> **Exercise objective**
Each line of the material below is to be written out exactly. Leave out any picture.

> **Stored data**
-=-=-
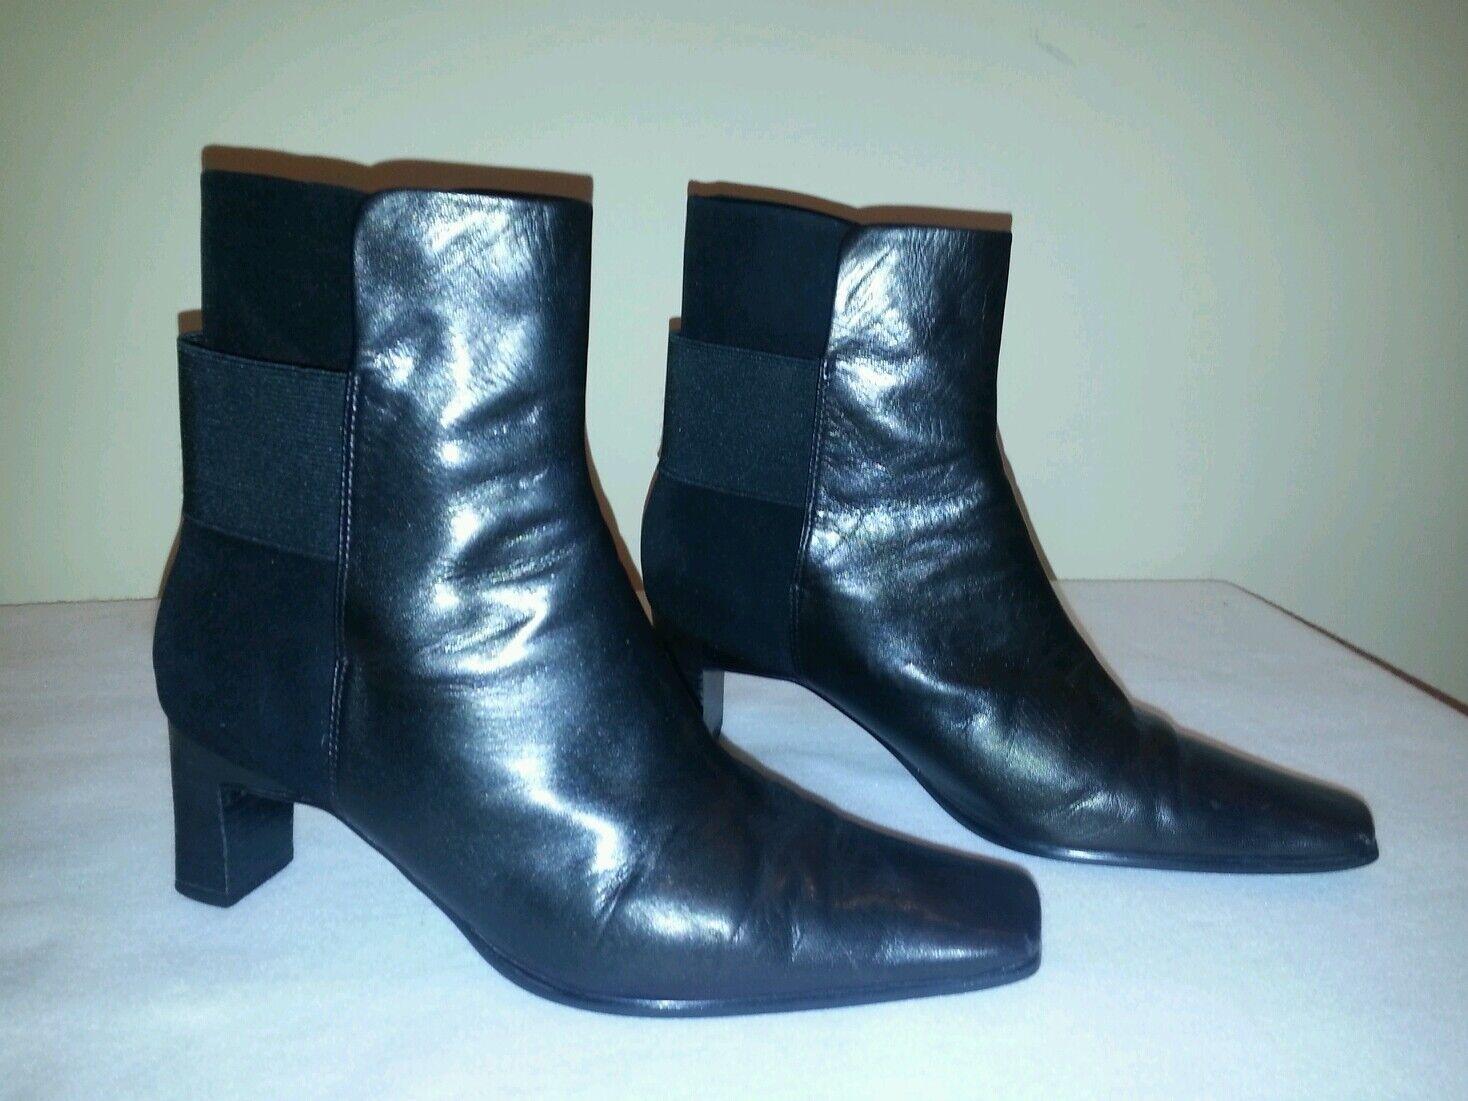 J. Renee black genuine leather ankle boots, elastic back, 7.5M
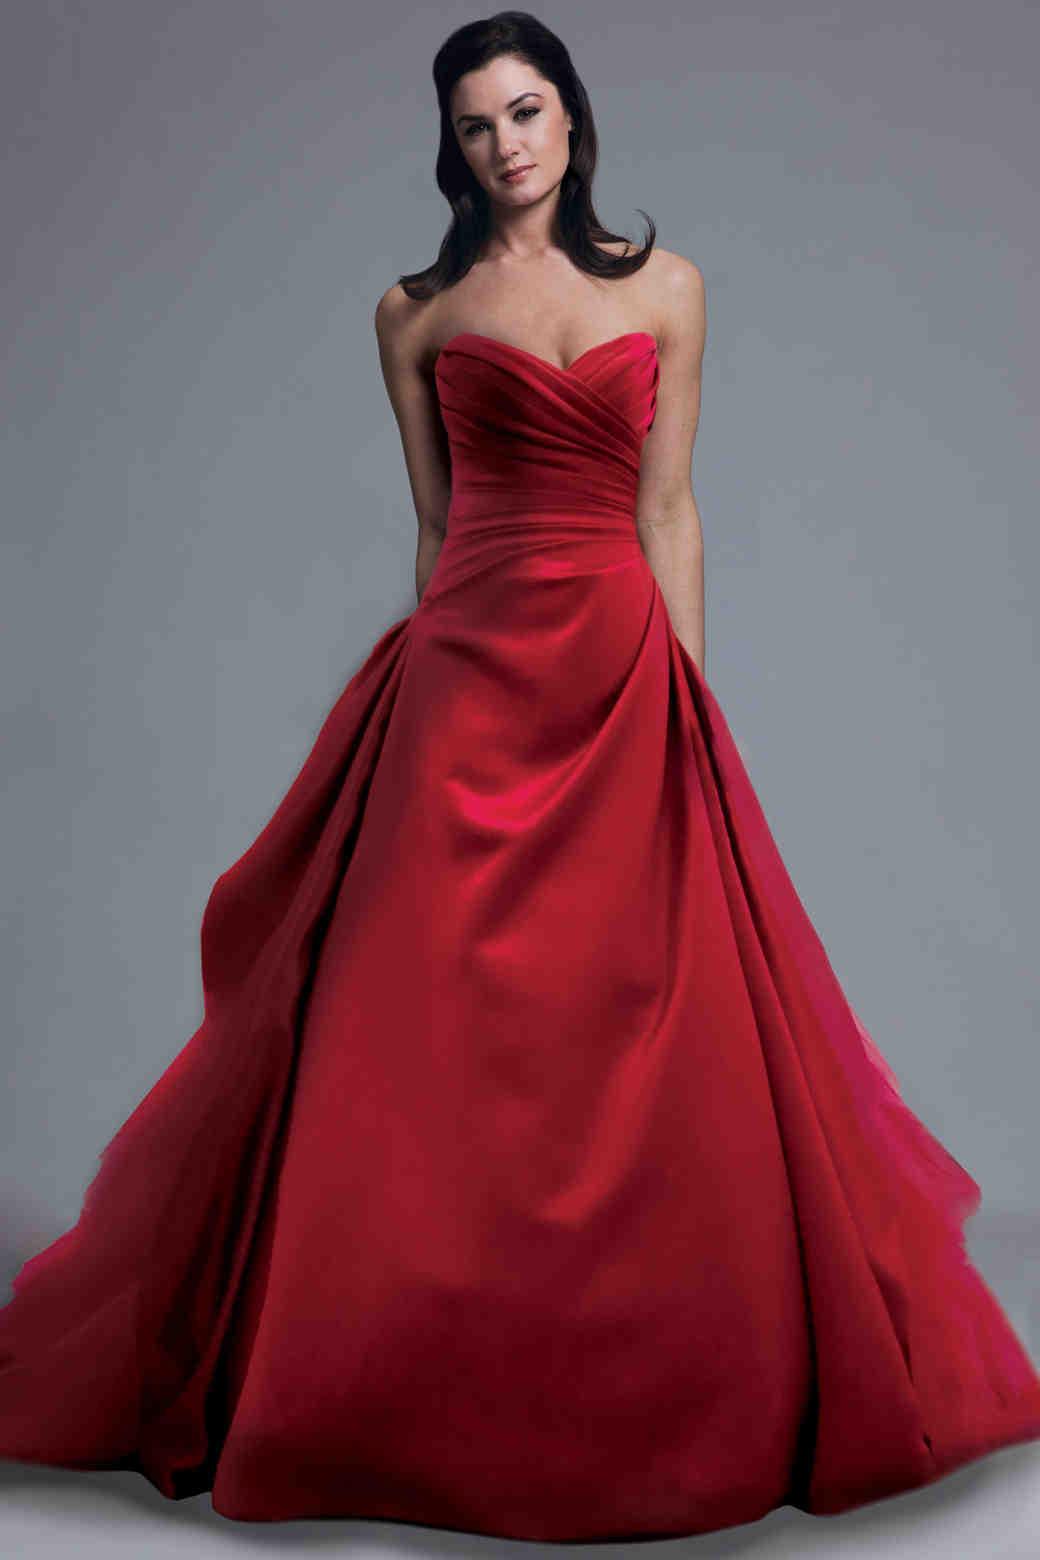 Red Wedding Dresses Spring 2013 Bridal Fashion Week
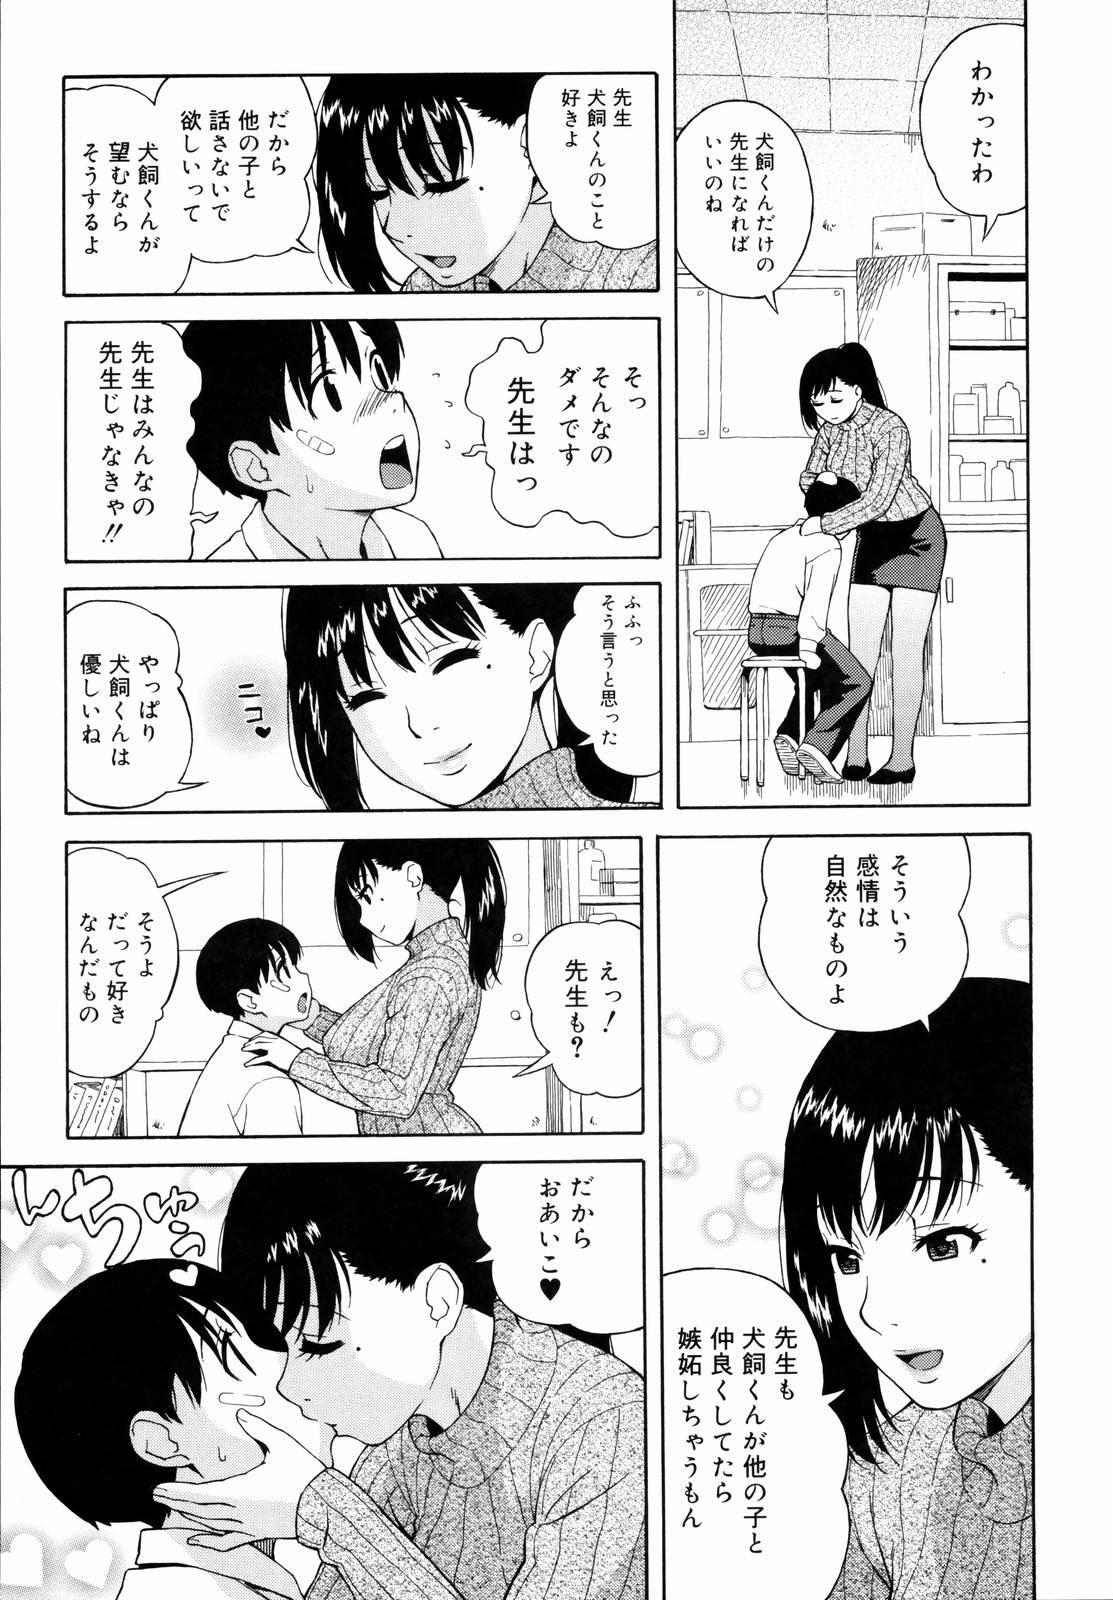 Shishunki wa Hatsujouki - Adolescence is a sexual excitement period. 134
-=-=-
> **Exercise solution**
 J. Renee black genuine leather ankle boots, elastic back, 7.5M
 Red Wedding Dresses Spring 2013 Bridal Fashion Week
 Shishunki wa Hatsujouki - Adolescence is a sexual excitement period. 134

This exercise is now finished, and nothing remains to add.